Multiple and complex links exist between experiences of violence, experiences of trauma, substance use, addictions, and mental health. It is important to understand that at times, research initiatives, policy approaches, interventions, and general interactions with service providers can in themselves be re- traumatizing for women. When a woman seeks out treatment or support services, practitioners have no way of knowing whether she has a history of trauma. Trauma-informed systems and services take into account the influence of trauma and violence on women’s health, understand trauma-related symptoms as attempts to cope, and integrate this knowledge into all aspects of service delivery, policy, and service organization.
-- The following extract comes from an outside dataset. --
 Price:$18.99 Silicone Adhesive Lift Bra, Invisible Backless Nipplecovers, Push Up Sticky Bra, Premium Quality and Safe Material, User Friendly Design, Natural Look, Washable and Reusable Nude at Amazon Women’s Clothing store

Promoting women’s health involves attending to how the social determinants of health affect overall health. In the context of FASD prevention, health promotion approaches draw the lens back so that FASD can be understood in its broader context. Prevention and care is not simply about alcohol use. Social determinants of health like poverty, experience of violence, stigma and racial discrimination, nutrition, access to prenatal care, physical environment, experiences of loss or stress, social context and isolation, housing, and so forth all come together to holistically influence FASD risk factors, prevention, and care. Accordingly, holistic, multidisciplinary, cross-sectoral, health promoting responses to these complex and interconnected needs are vital to successful FASD prevention.
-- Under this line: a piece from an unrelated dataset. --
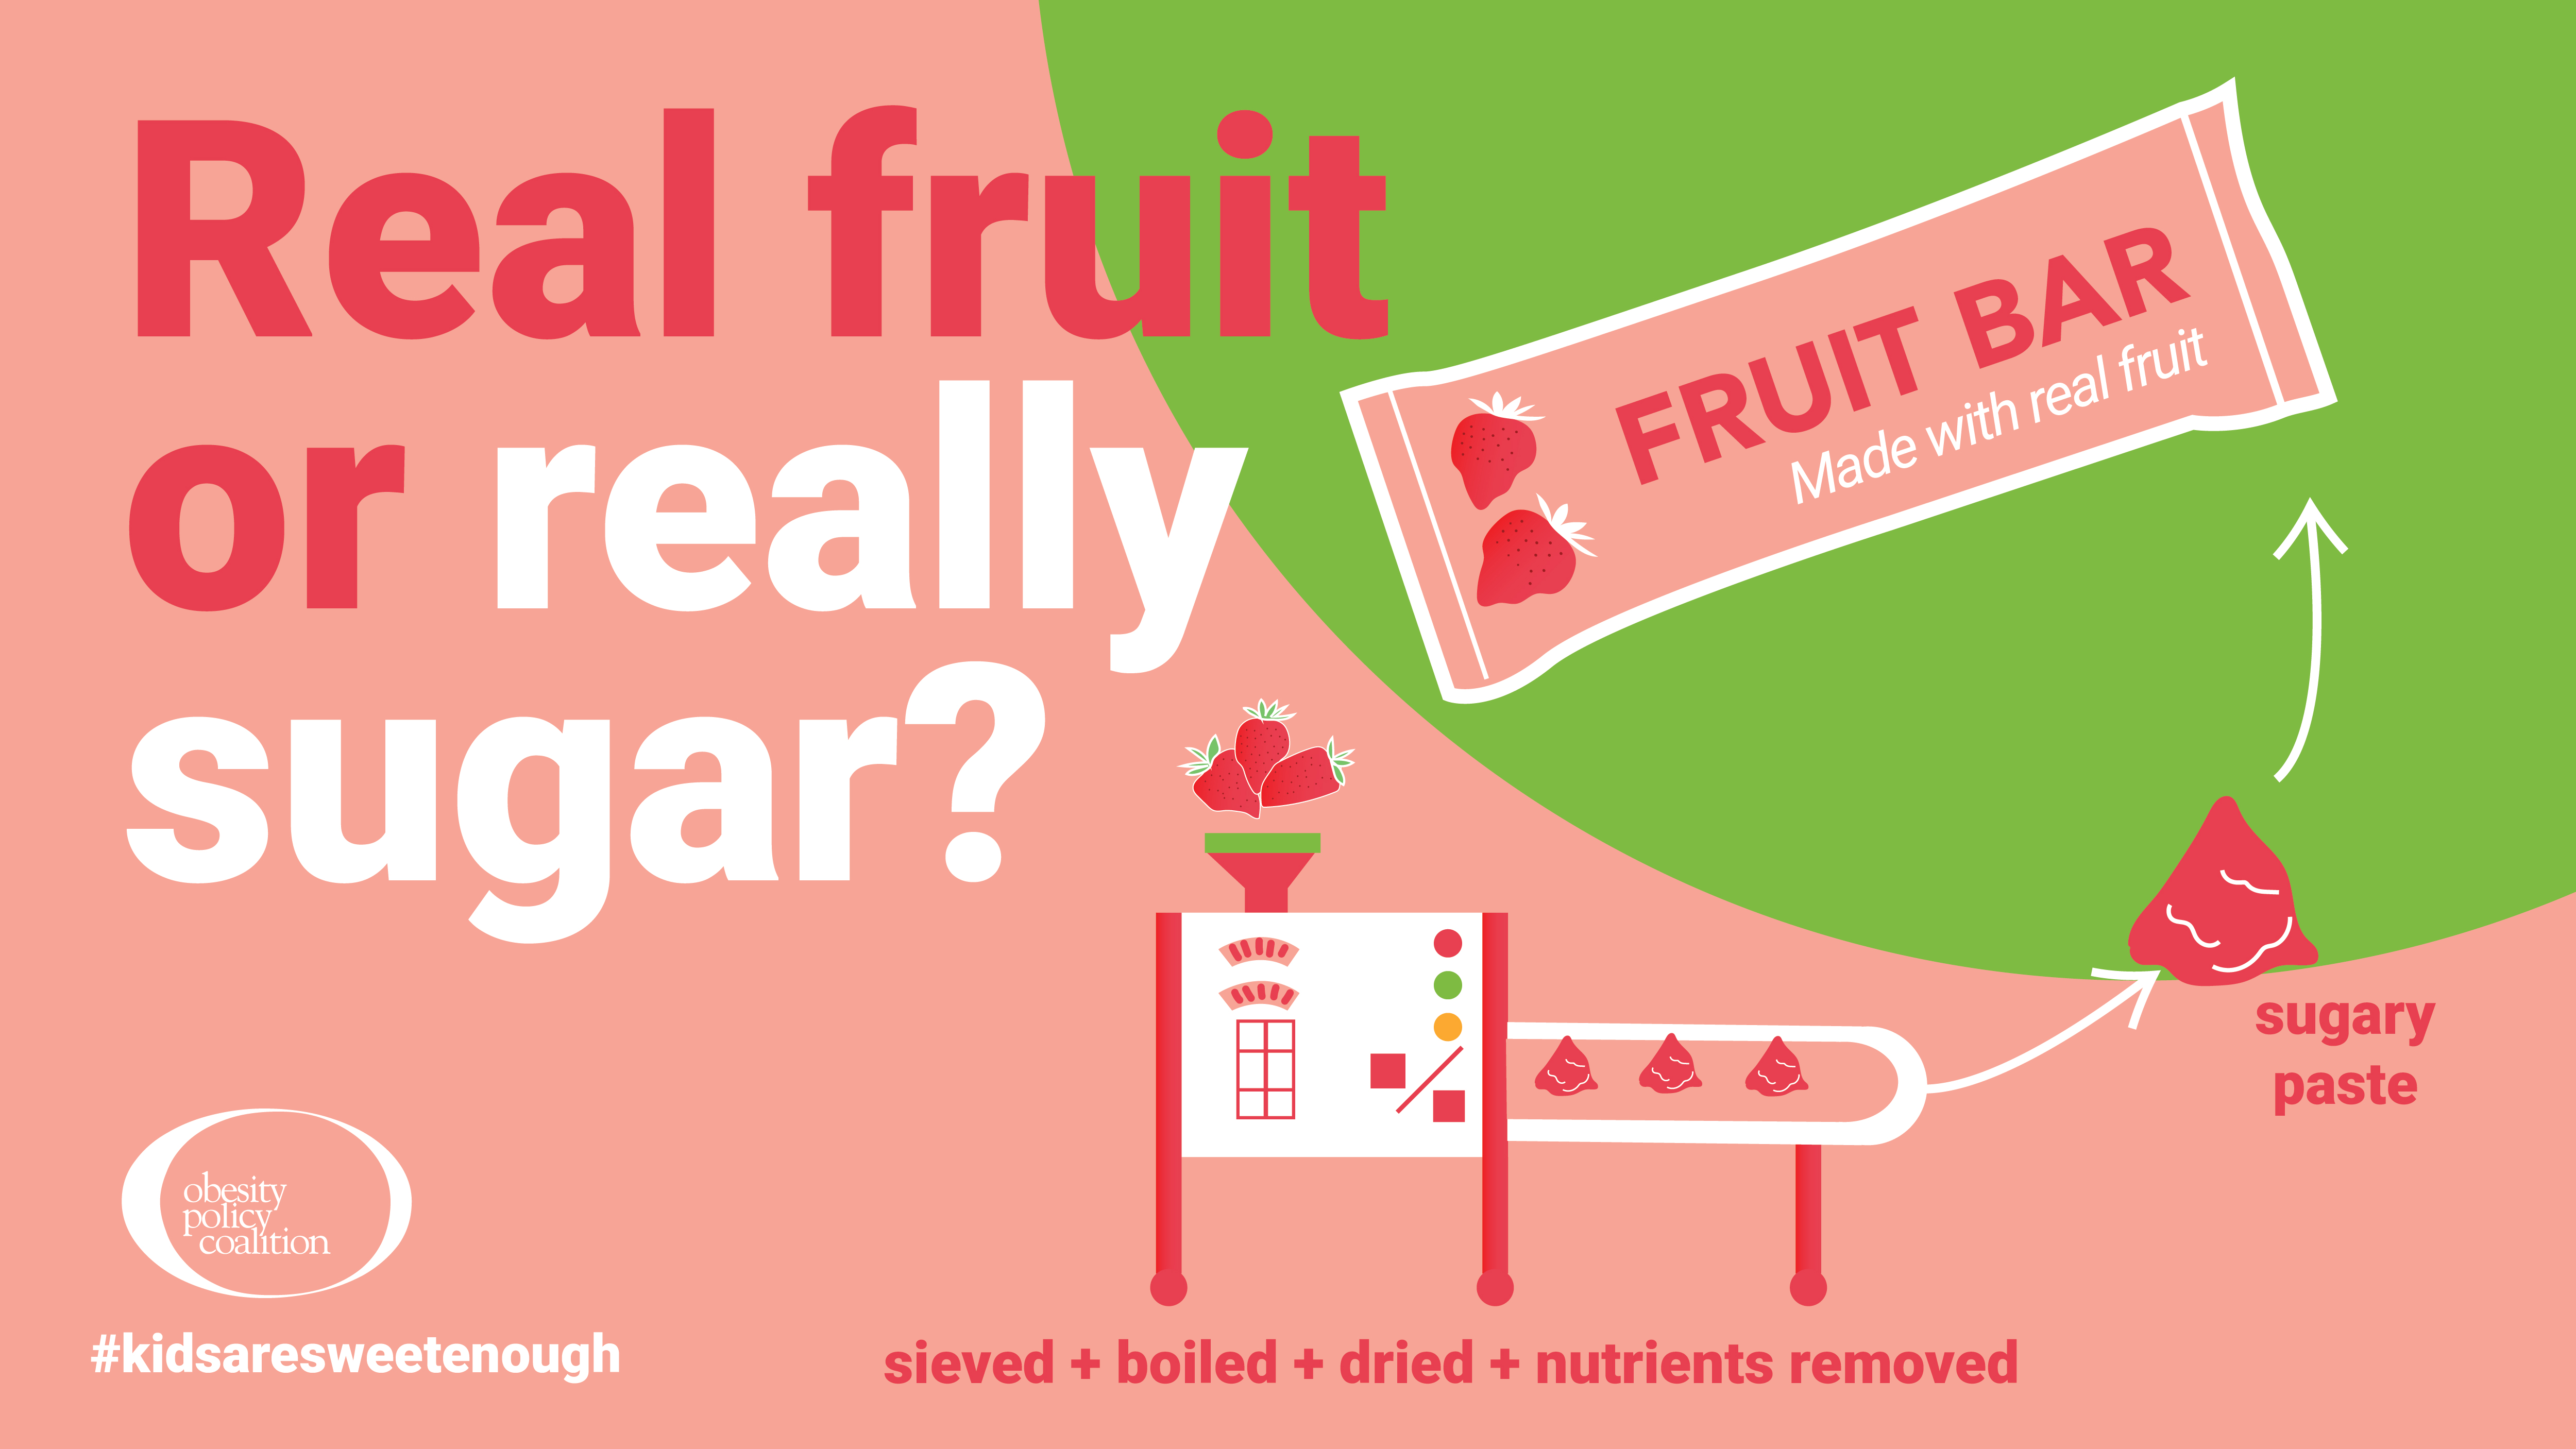 Real fruit or really sugar? Strawberries processed into a sugary paste and then put into a fruit bar boasting a made with real fruit claim

Women who seek help from service agencies need to feel respected, safe, and accepted for who they are, with regard to both their cultural identity and personal behaviours. Recognition of the influence of colonization and migration on a woman’s identity is important, as is recognition of the benefits of building on individual and community resilience. Service providers must be aware of their own cultural identity, socio-historical location in relation to service recipients, and pre-commitments to certain beliefs and ways of conceptualizing notions of health, wellness, and parenting. Respect for cultural location and having one’s values and preferences taken into account in any service encounter is extremely important, as is respect for and accommodation of a woman’s interest in culturally specific healing.
Supportive of Mothering
FASD prevention must recognize the importance of supporting women’s choices and roles as mothers, as well as the possible short- and long-term influences that a loss of custody may have on a woman. Prevention and care approaches need to support the range of models for mothering, including part-time parenting, open adoption, kinship and elder support, shared parenting, inclusive fostering, extended and created family, and so forth. Further, successful FASD prevention must attend to the importance of pacing and support in transitions for women as they move between mothering roles.
Uses a Disability Lens
Women with substance use and mental health problems may also have disabilities, including FASD. Women need care and prevention responses that fit with what we know about the spectrum of disabilities related to FASD.